We next demonstrated that tPA, proBDNF, and plasminogen co-localize extensively in individual DCGs in spines. Fig. 5C shows a dendritic process and spines stained with Alexa-350-conjugated phalloidin, which fluoresces blue. This image shows that DCGs containing both tPA and proBDNF chimeras are present in many dendritic spines of mature hippocampal neurons. Similarly, Fig. 5D shows that DCGs containing both plasminogen and proBDNF chimeras are present in dendritic spines of mature hippocampal neurons. Quantification revealed that 27 ± 9% of spines (n = 8 cells, 203 spines) contain at least one DCG containing co-localizing chimeras. In addition, 80 ± 18% of the spines that contained at least one DCG contained co-localizing chimeras of neuromodulators in the same DCG. This degree of co-localization is statistically indistinguishable from co-localization in all sub-domains of neurons. For example, statistical comparison of tPA overlap with proBDNF in all sub-domains to overlap in spines yields p = 0.20 (> 0.05; Student's t-test).
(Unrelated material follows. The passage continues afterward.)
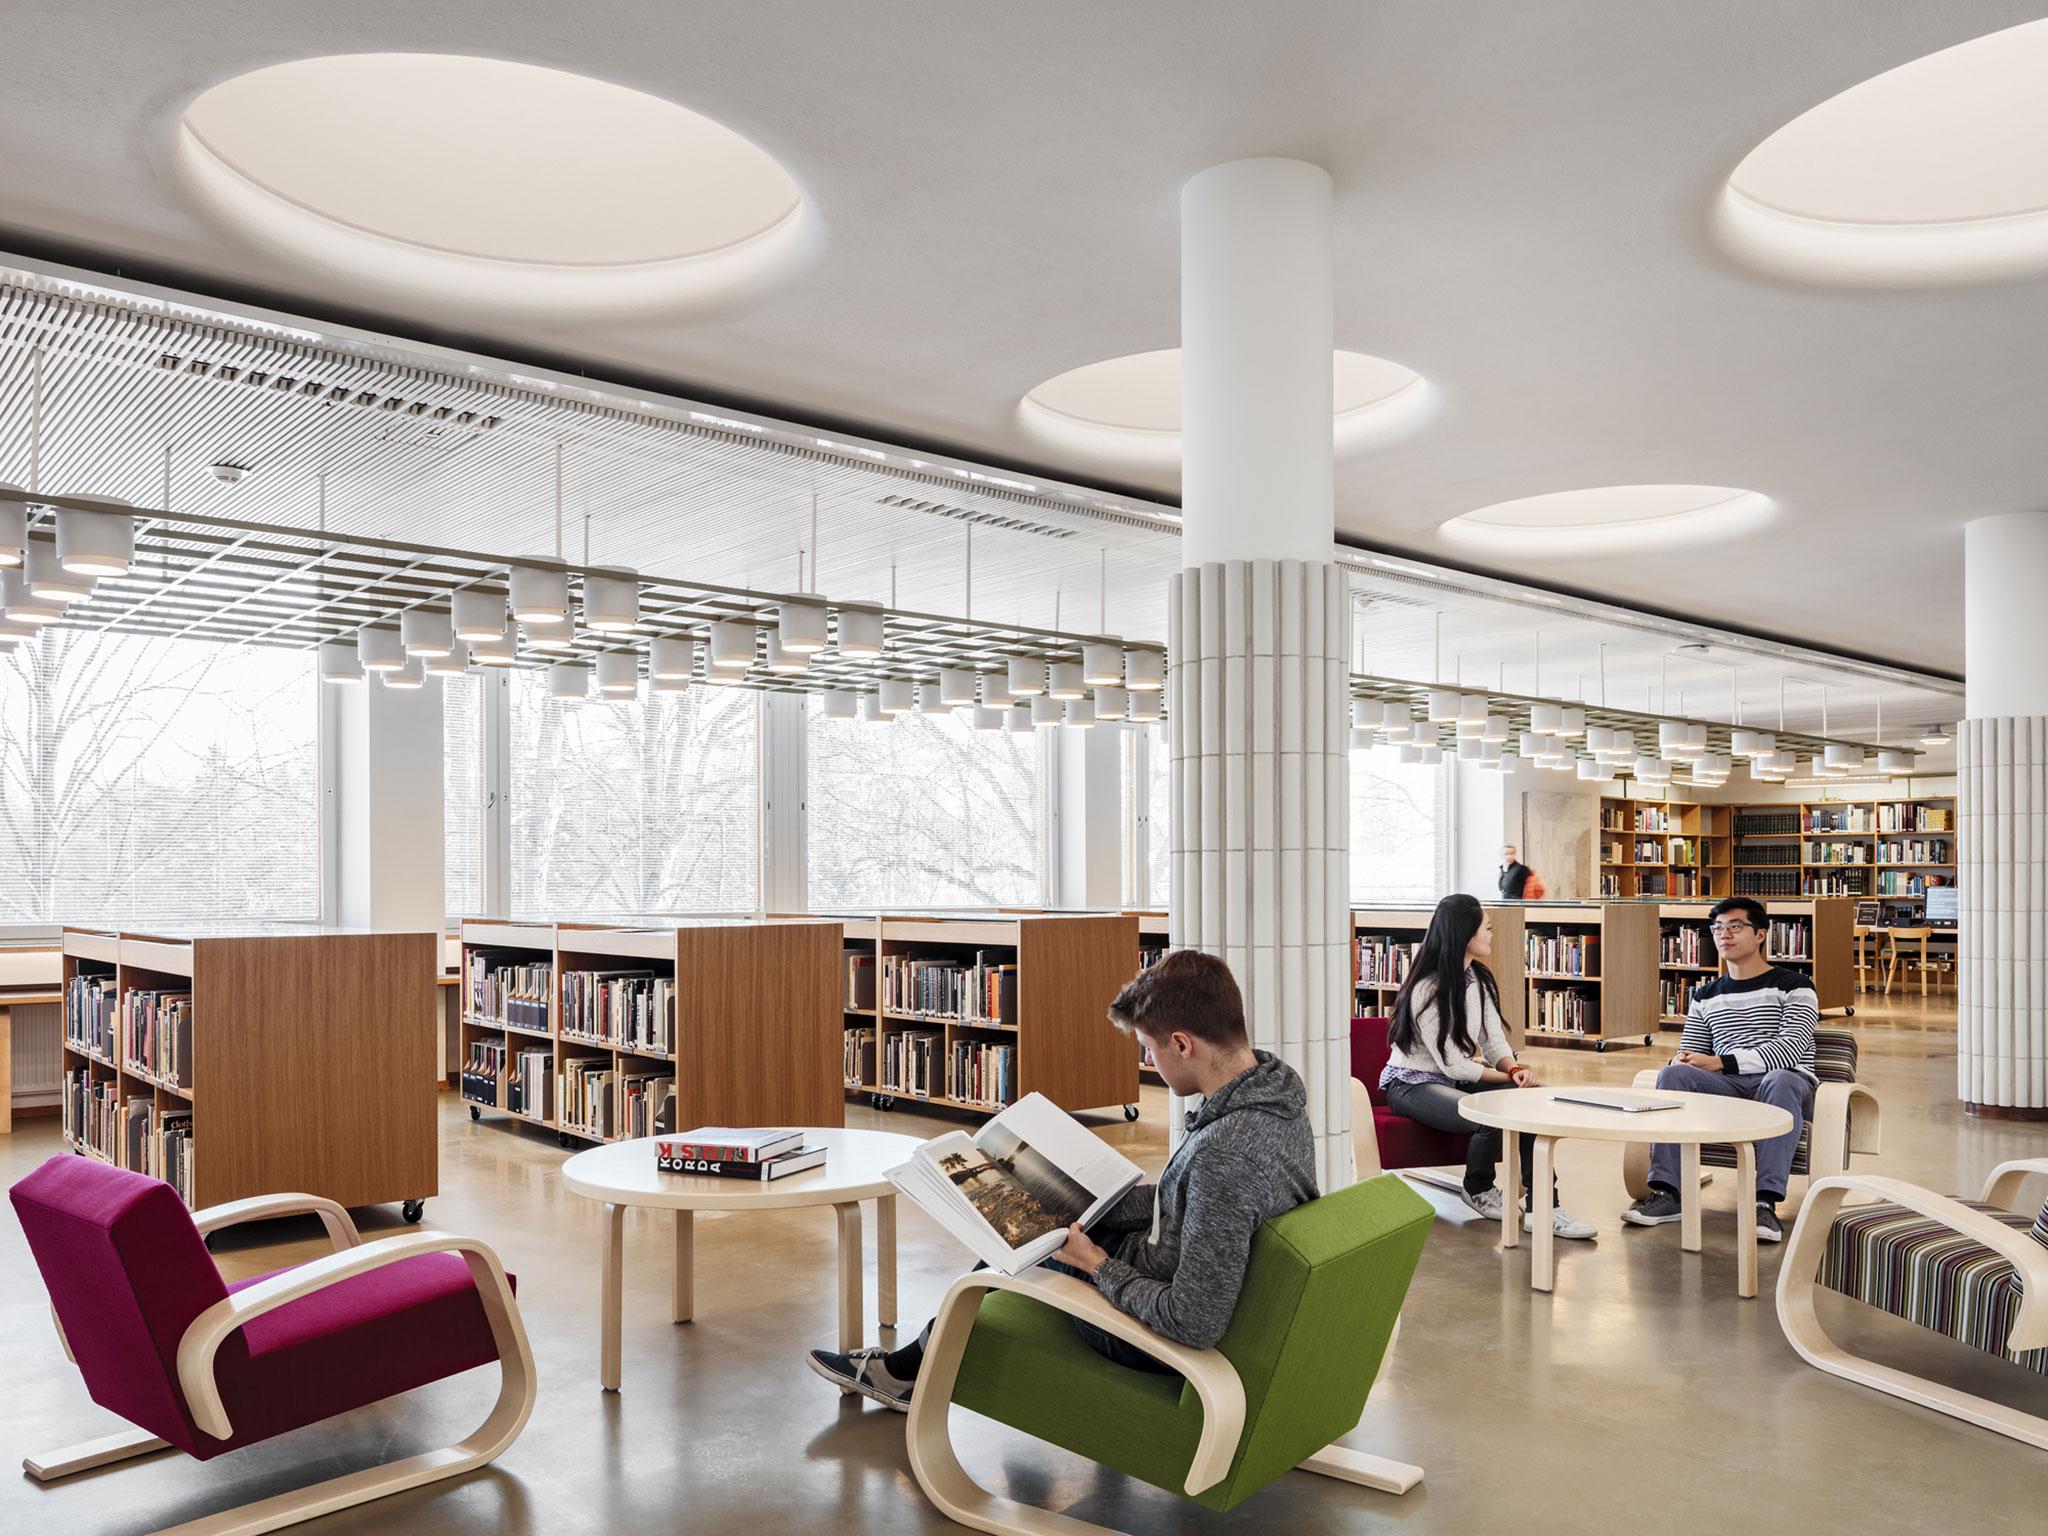 Interior renovation of Aalto University Library, vs Harald Herlin Learning Centre by JKMM ...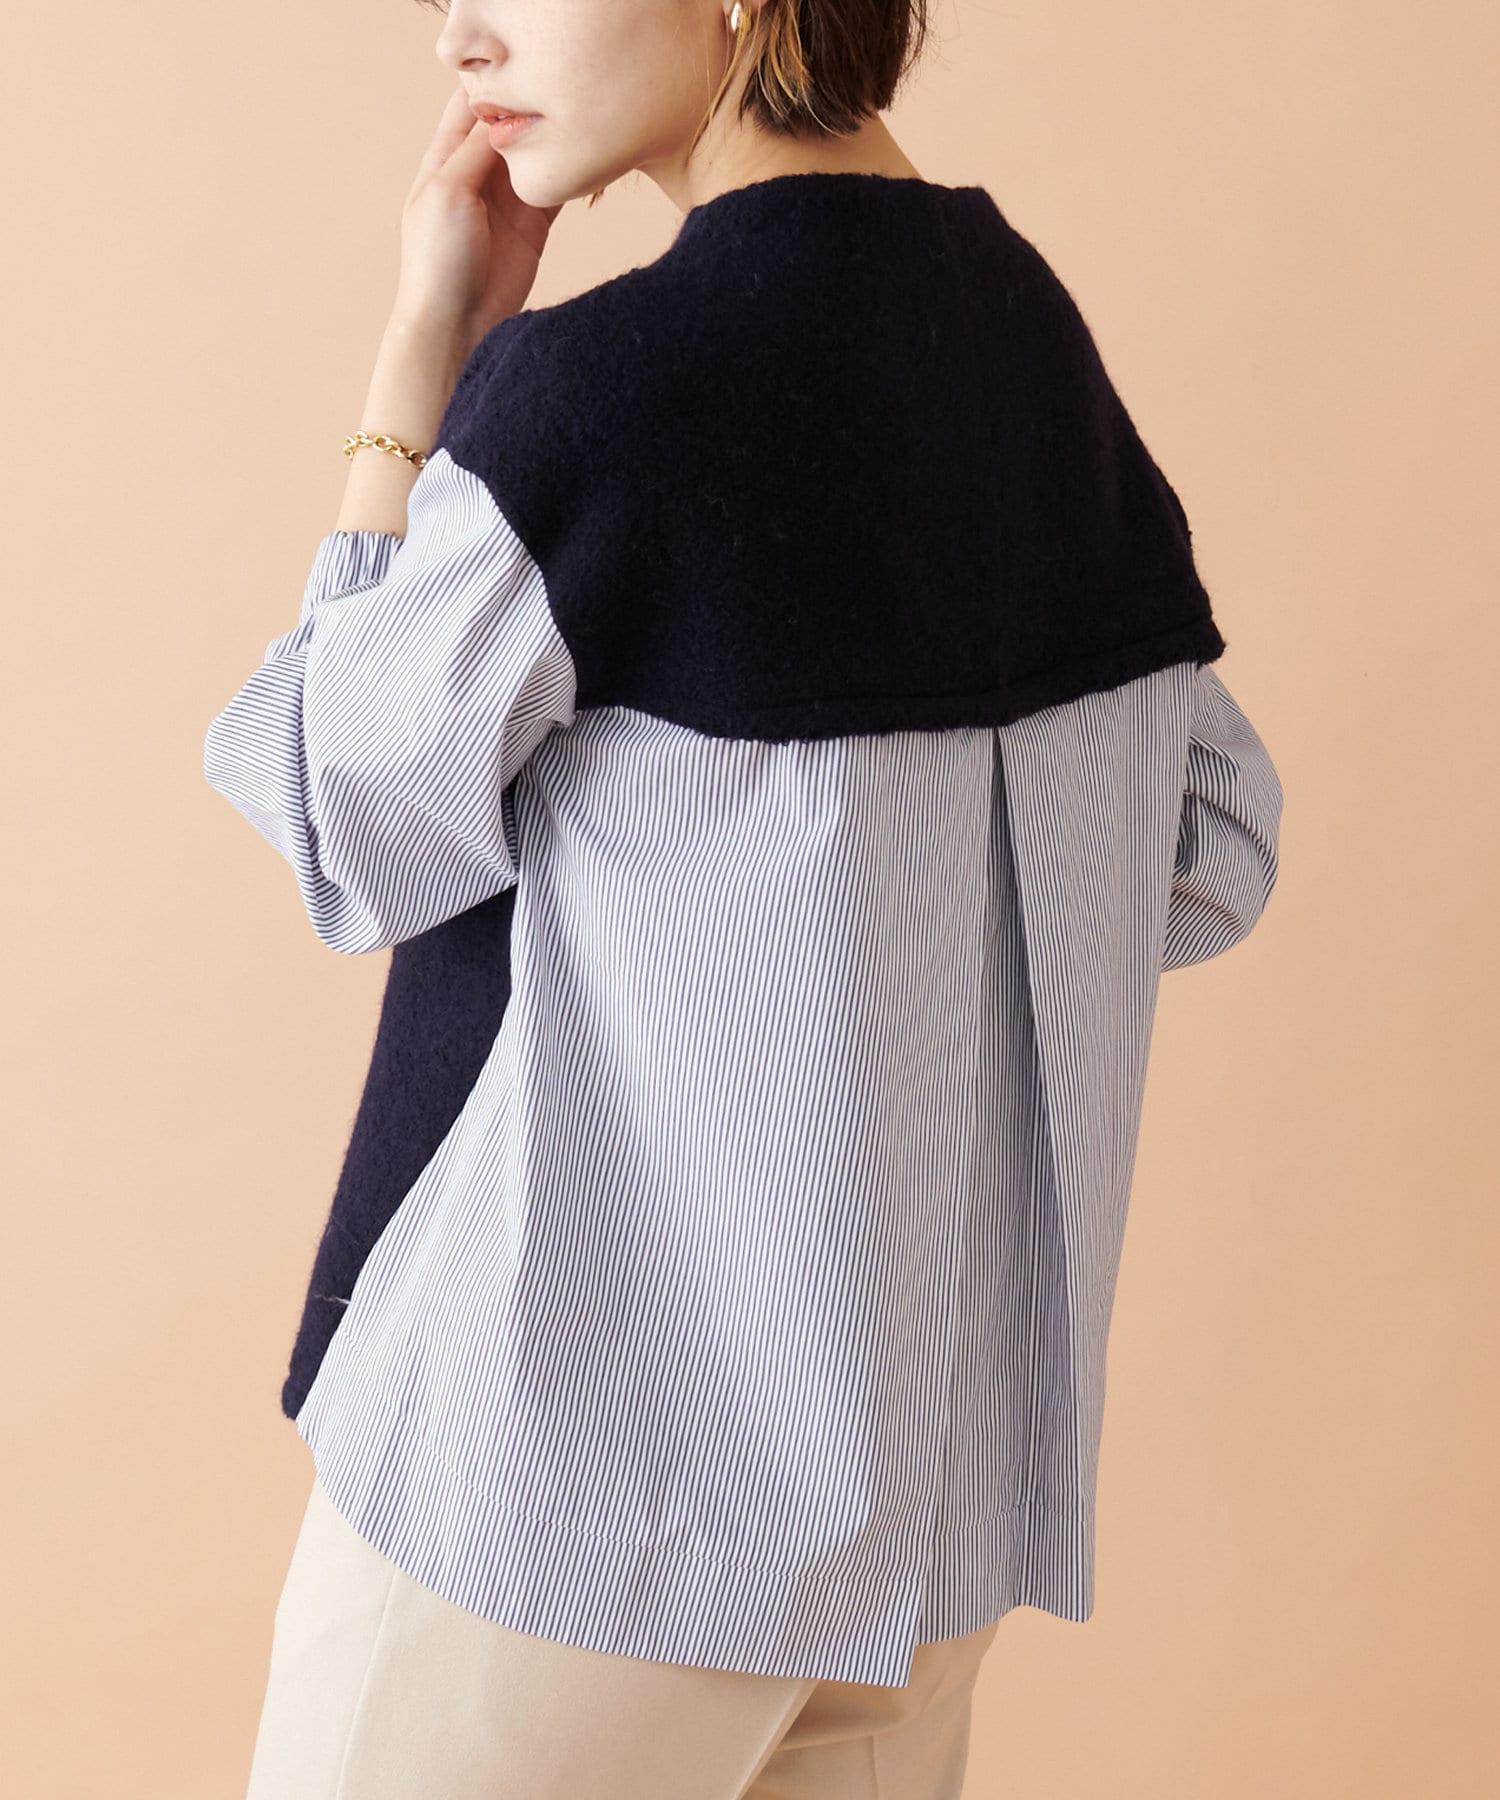 COLLAGE GALLARDAGALANTE(コラージュ ガリャルダガランテ) ☆COLLAGE定番☆ニットシャツコンビプルオーバー

Chimeric and endogenous neuromodulators exhibit similar attributes

Unlike transport, localization of neuromodulators to neuronal sub-domains like spines and growth cones can also be studied by using immunofluorescence to visualize the distribution of endogenous proteins in fixed cells. When possible, we also used immunofluorescence to map distribution, because the endogenous neuromodulators are our real interest. Immunofluorescence studies also allowed us to confirm that our chimeras mimic their endogenous analogs. Fig. 6 shows examples of our immunofluorescence data, revealing that endogenous proBDNF localizes to growth cones and to spines in spherical organelles, similar to our chimera. Our immunofluorescence images also reveal that endogenous tPA localizes to growth cones and to spines, and our images, and analogous images presented in the literature (Shin et al., 2004; Swanwick et al., 2004), reveal that endogenous tPA and endogenous proBDNF produce a punctate distribution pattern in the cell body and processes that is similar to the distribution pattern produced by our chimeras.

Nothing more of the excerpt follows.